Cāturmahārājakāyika (; ) heaven is the first world of the devas in Buddhist cosmology. The word Cāturmahārājakāyika refers to the Four Heavenly Kings (Cāturmahārāja) who rule over this world along with the assemblage or multitude (kāyika) of beings that dwell there. 

The beings themselves are generally called cāturmahārājakāyikās or cāturmahārājakāyika devas.

Description
The Chāturmahārājakāyika heaven is the first of the heaven of the Kāmadhātu and the lowest of the heavens that maintains a physical connection with the human world. It is located on the slopes of Mount Sumeru, though some of the devas there dwell inside the mountain and in the sky surrounding it.

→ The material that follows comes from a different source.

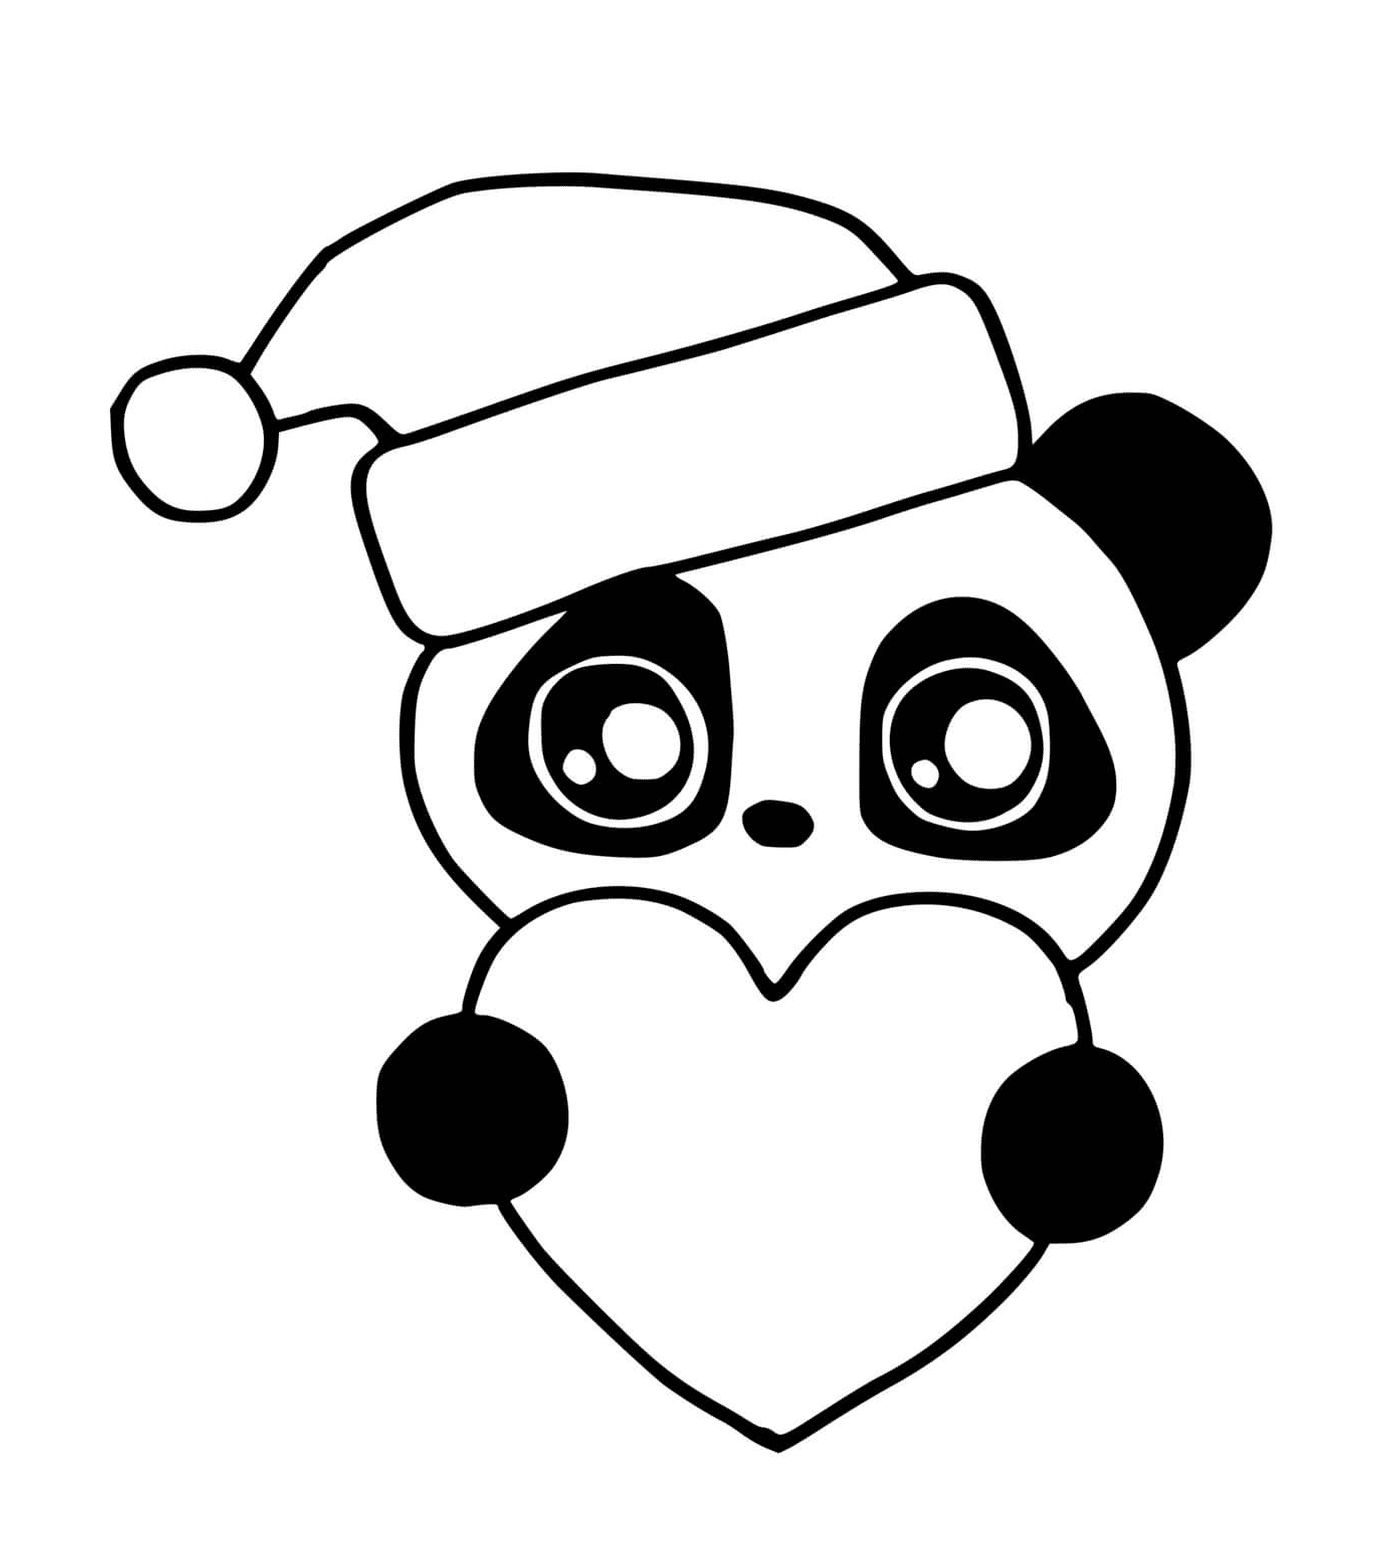  एक प्यारा पांडा क्रिसमस की टोपी पहने हुए 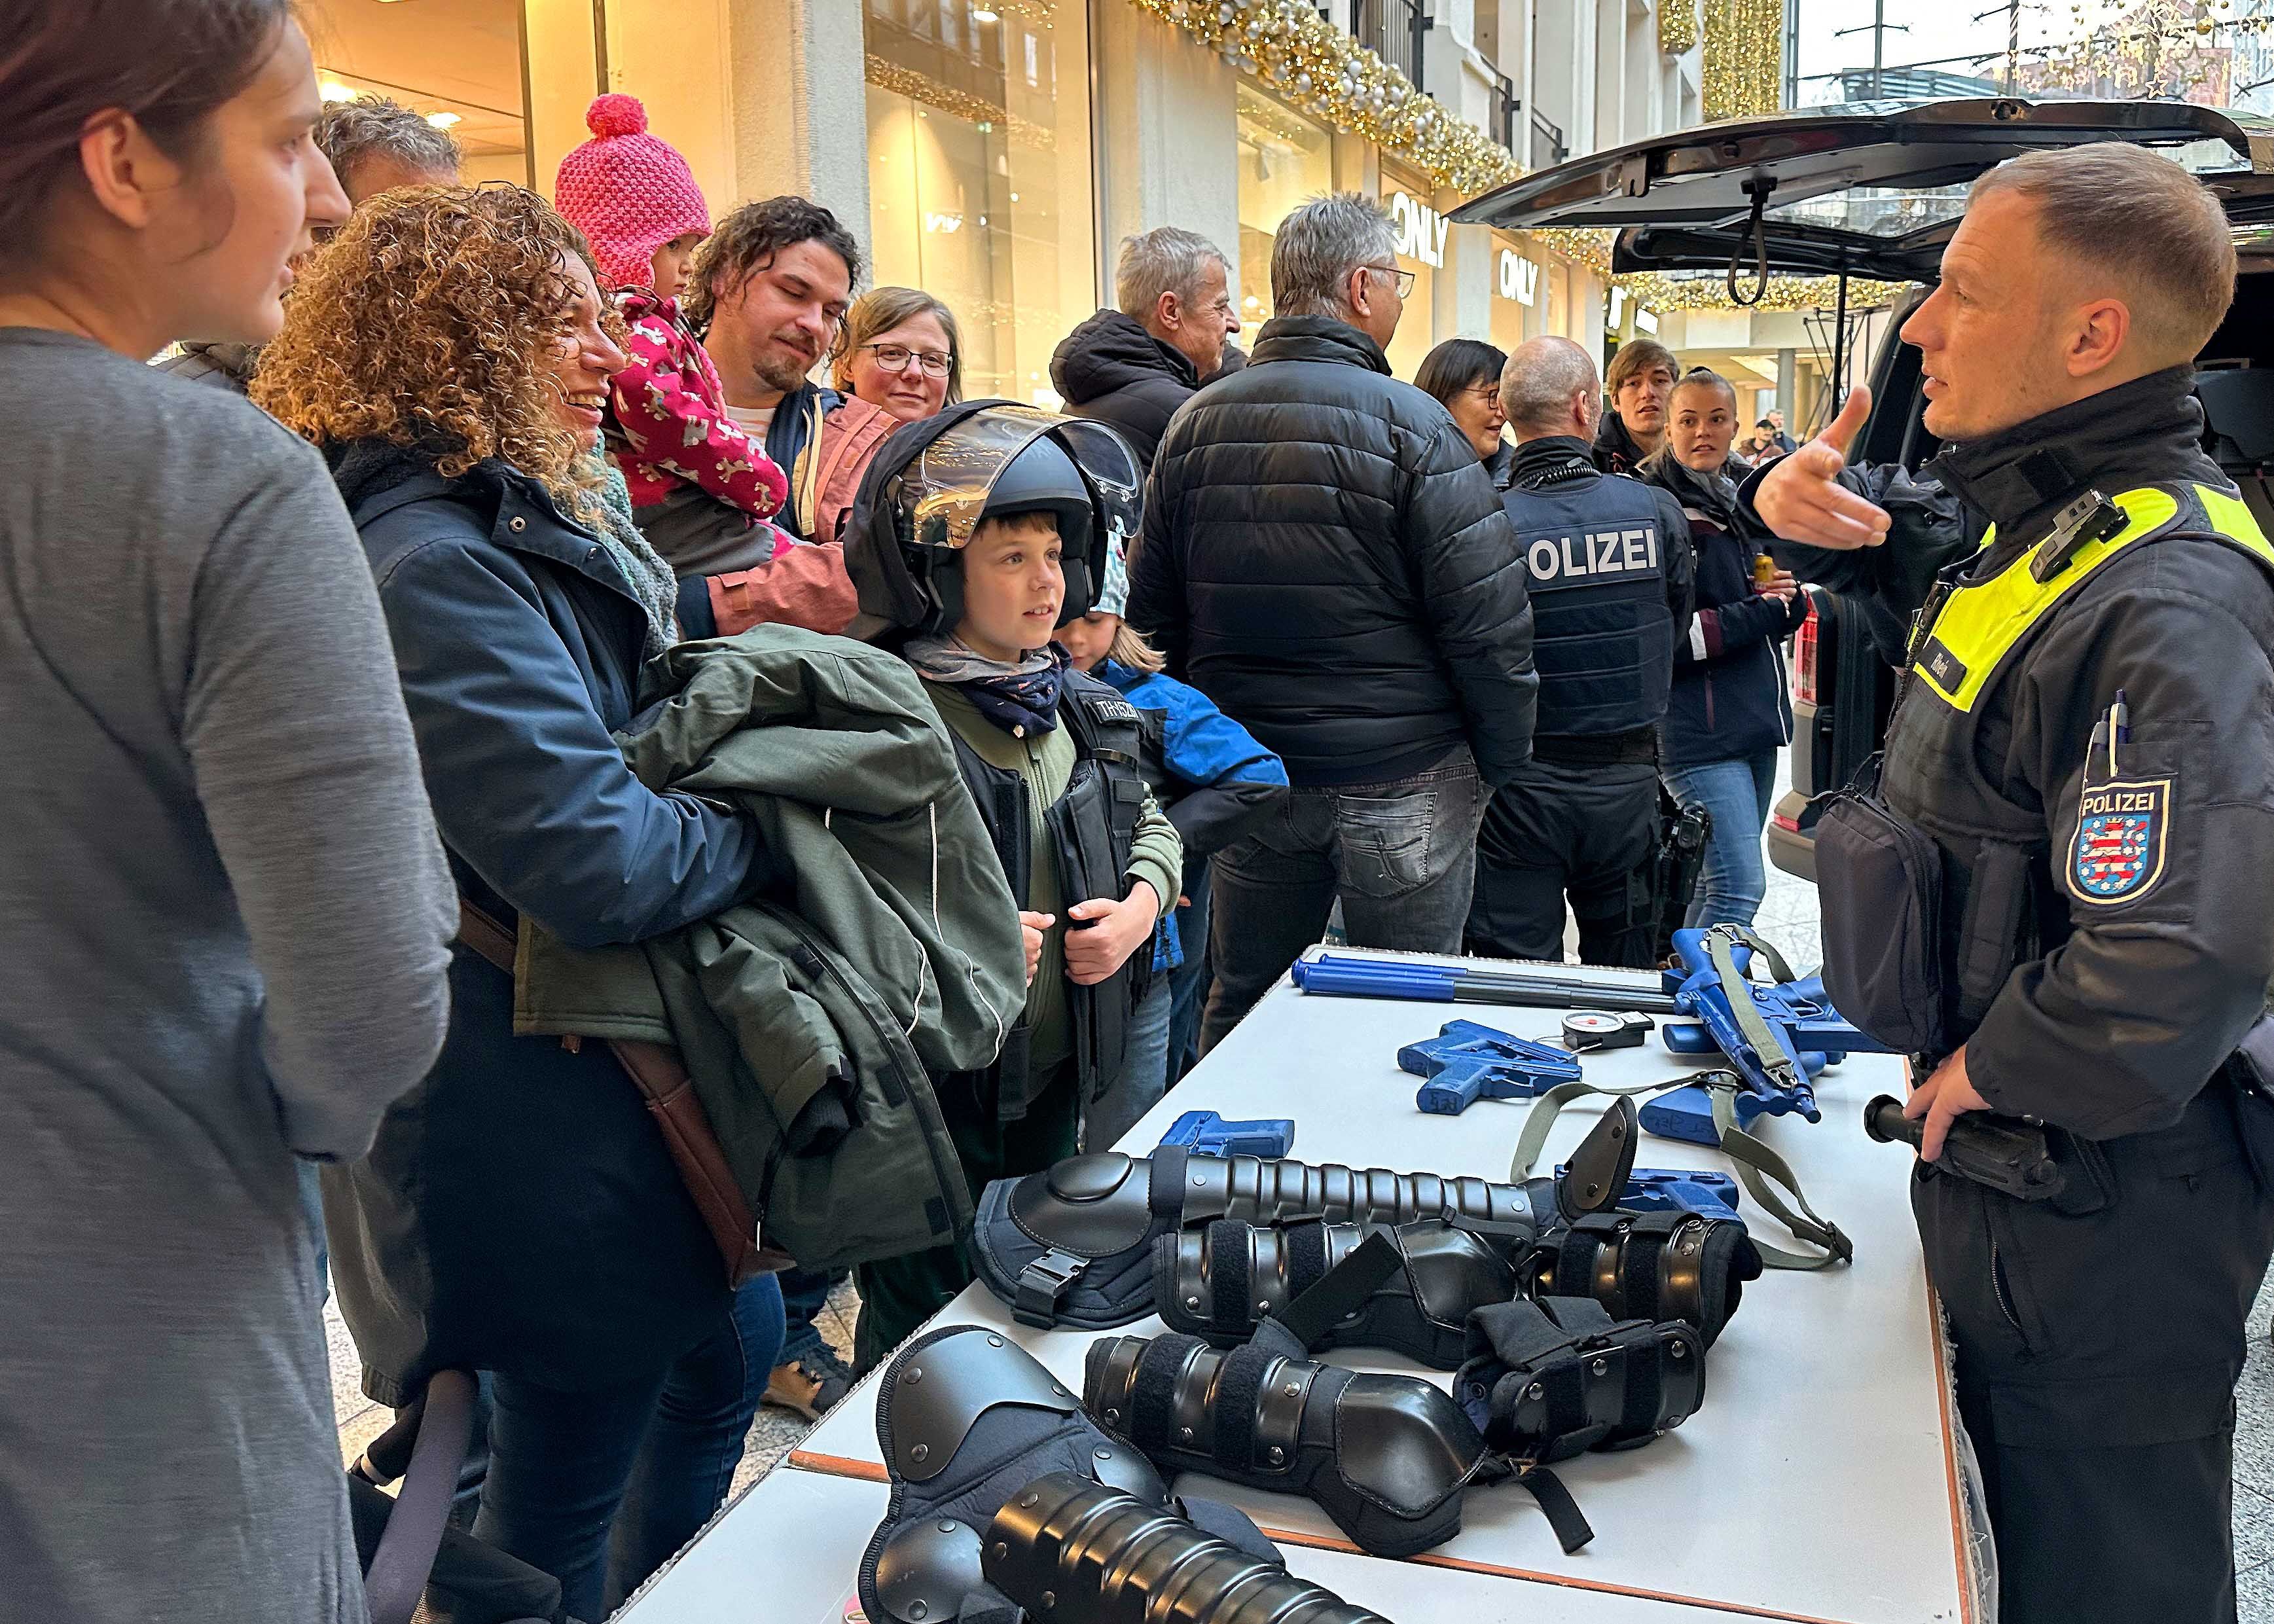 Die Jenaer Polizei war mit einem Großaufgebot ins größte Einkaufszentrum der Stadt angerückt. Sie wollten im Rahmen des Familientages des Centers einen Einblick in ihre tägliche Arbeit geben.

The most notable residents of this world are the Four Heavenly Kings who serve Śakra of the higher heaven Trāyastriṃśa, and govern the four cardinal directions. They are also leaders of various races of beings who reside here. Their functions are as follows:

Dhṛtarāṣṭra - Guardian of the East. Leader of the gandharvas and piśācas.
Virūḍhaka - Guardian of the South. Leader of the kumbhāṇḍas and pretas.
Virūpākṣa - Guardian of the West. Leader of the nāgas and pūtanas.
Vaiśravaṇa - Guardian of the North. Leader of the yakṣas and rākṣasas.
Many of these beings have been likened to spirits and gods of Pagan religions as well as goblins, trolls, and fairies of Western folklore.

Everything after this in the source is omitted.